Huge opportunity for Cambridge driver

Hayden Paddon (left) and Malcolm Peden (right) celebrated victory at round two of the NZ Rally Championship in Whangarei. Photo – Geoff Ridder.

When renowned rally driver Hayden Padden produced a clear win at the second round of the New Zealand Rally Championship in Whangarei last weekend, he did so with a Cambridge man by his side, co-driver Malcolm Peden.

“It was a very cool experience, second to none,” Peden said on Monday last week, after the team finished 7 minutes and 26.3 seconds ahead of their nearest rival, Auckland’s Ben Hunt and Tony Rawstorn.

“It’s just an unbelievable result, to be able to be that much faster,” said Peden. “On one of the stages we were so much faster Hayden asked, ‘are you sure the time’s right?’.

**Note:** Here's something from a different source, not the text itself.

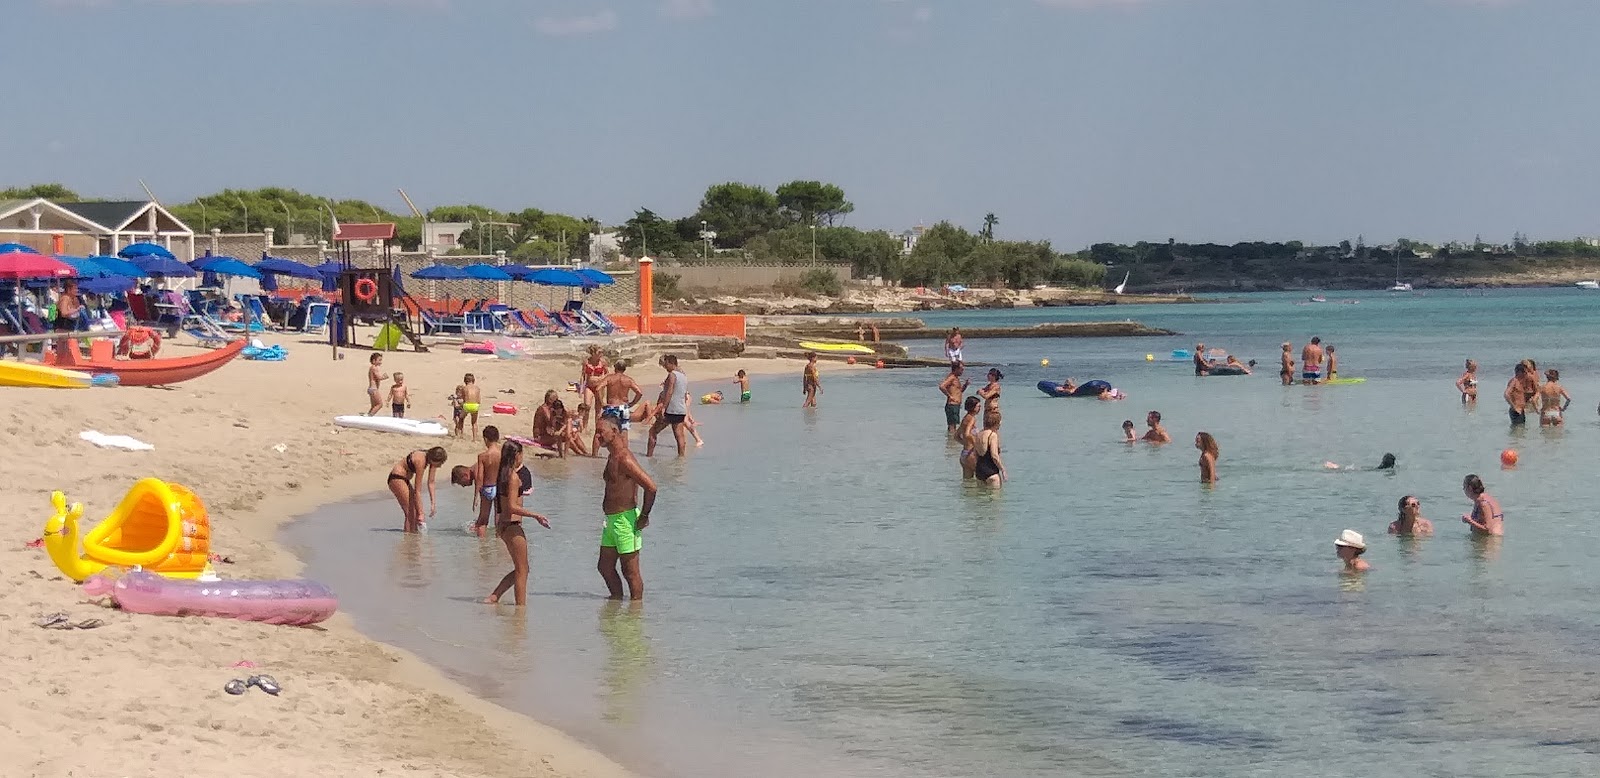 Foto de Spiaggia Ufficiali y el asentamiento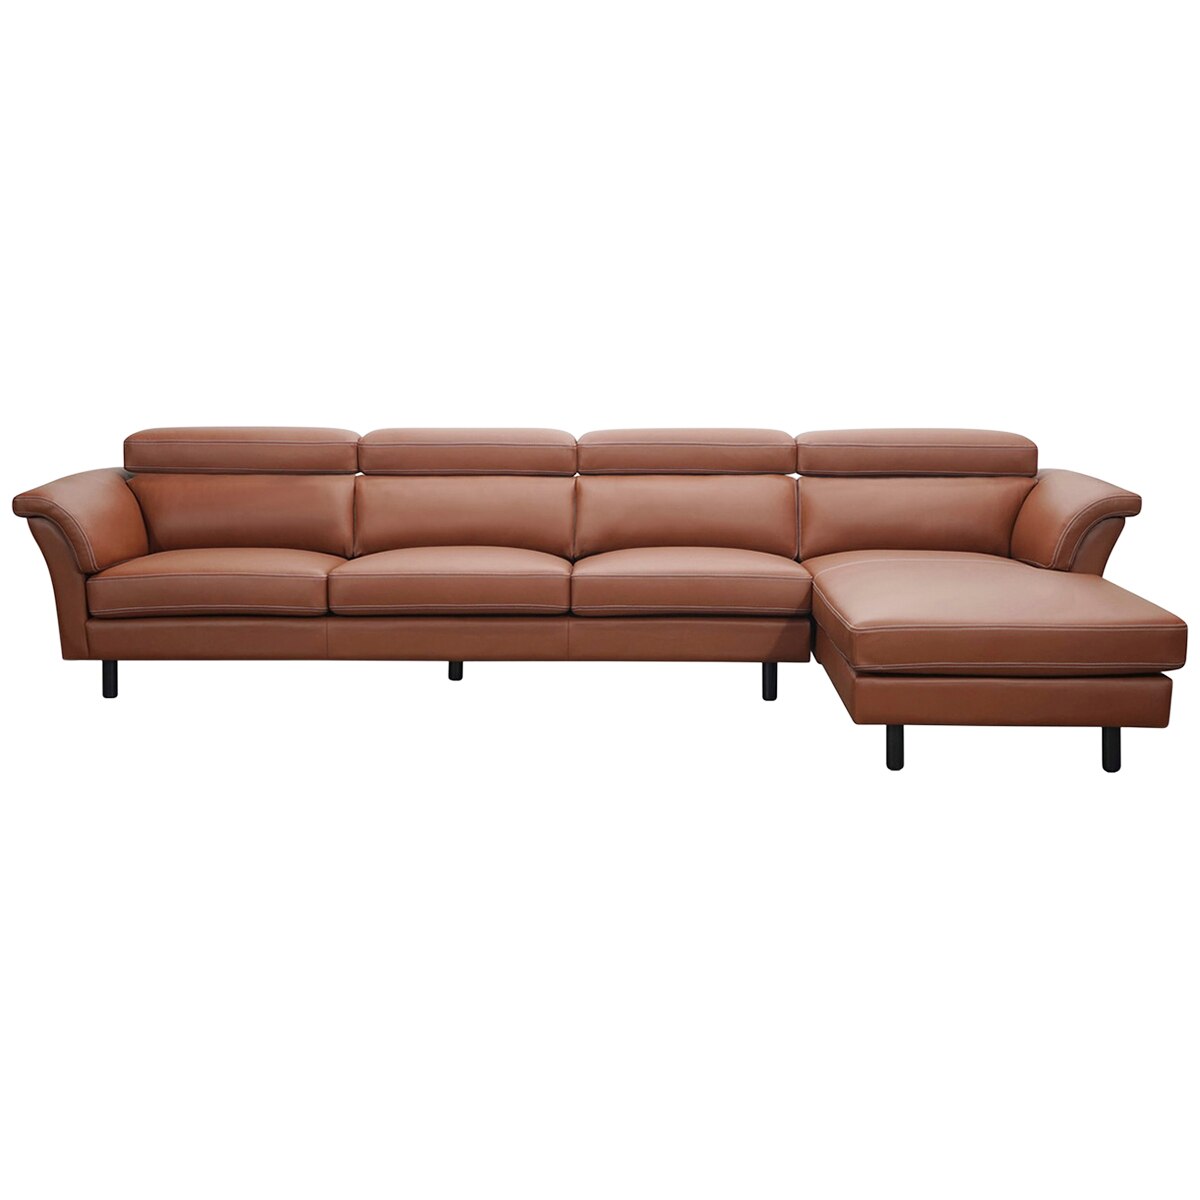 Moran Carson 3-seater Leather Sofa - Premium Pecan

“It’s not every day that you get the opportunity to go from national New Zealand level to and co-driving with the level of a world rally championship driver… It’s mind-blowing how much faster it is.”

Peden has spent most of the last ten years co-driving in the national championship, spending the last two years managing the team that won last year’s round, Force Motorsport with Auckland driver Andrew Hawkeswood.

Peden “jumped at the opportunity” when the 2011 world champion selected him for the role, having received hundreds of applications from around the world. The pair have known each other for a number of years, and Paddon wanted to give the opportunity to a New Zealand-based co-driver after his usual man John Kennard recently had hip surgery, and his world championship co-driver Seb Marshall also wasn’t available.

“I have done a couple of rallies overseas before, but never at the level that he competes at,” Peden said. “He just goes so much faster through the corners… the level of detail in his notes is just way above anything else in NZ, and a lot of the drivers in the world championships. So it’s a big step up really, and the speed, it’s just very, very fast.”

Hayden Padden and co-driver Malcolm Peden race through the Whangarei track in Paddon’s Hyundai i20.

Peden had the all-important role of being Paddon’s extra set of eyes and ears over more than ten hours of racing, preparing him with precise details of each coming corner and curve of the race – quite a challenge while travelling at 190kmph, driving over gravel and sometimes slippery surfaces.

“It’s trying to read as fast as you can to get it to him, so that we don’t go off the road basically,” Peden said.

The 29 cars raced through a few showers over the weekend, but the worst of the weather saw heavy fog set in on Saturday morning, claiming one driving team that had to drop out after crashing into a ditch.

During that first stage was the winning pair’s closest call, when they thought a corner was further away than it actually was. “Hayden thought he saw the corner further up, and it wasn’t until we were actually in the corner that he realised we were in it, so that was a bit of a moment for us! But he’s got the skill to gather it up and get it around the corner.”

The wet-ish weather meant Paddon didn’t have the grip he’d hoped for to beat his own stage records at the event, but the seven-minute lead was enough for Peden.

During the final round on Sunday, Paddon’s Hyundai i20 managed to lift all four wheels off the ground, jumping at about 185kmph as a corner neared them just 150 metres away.

“He sets the car up so that he actually unbalances it, or throws the car sideways before the corner, to drive around it. So it’s a very aggressive style, but it clearly works for him,” said Peden. “I wasn’t worried at any stage during the rally, because that’s what he does for a job.”

Peden will now return to co-driving with the Campbell motorsport team, set to compete in round 3 of the national rally championship in early June.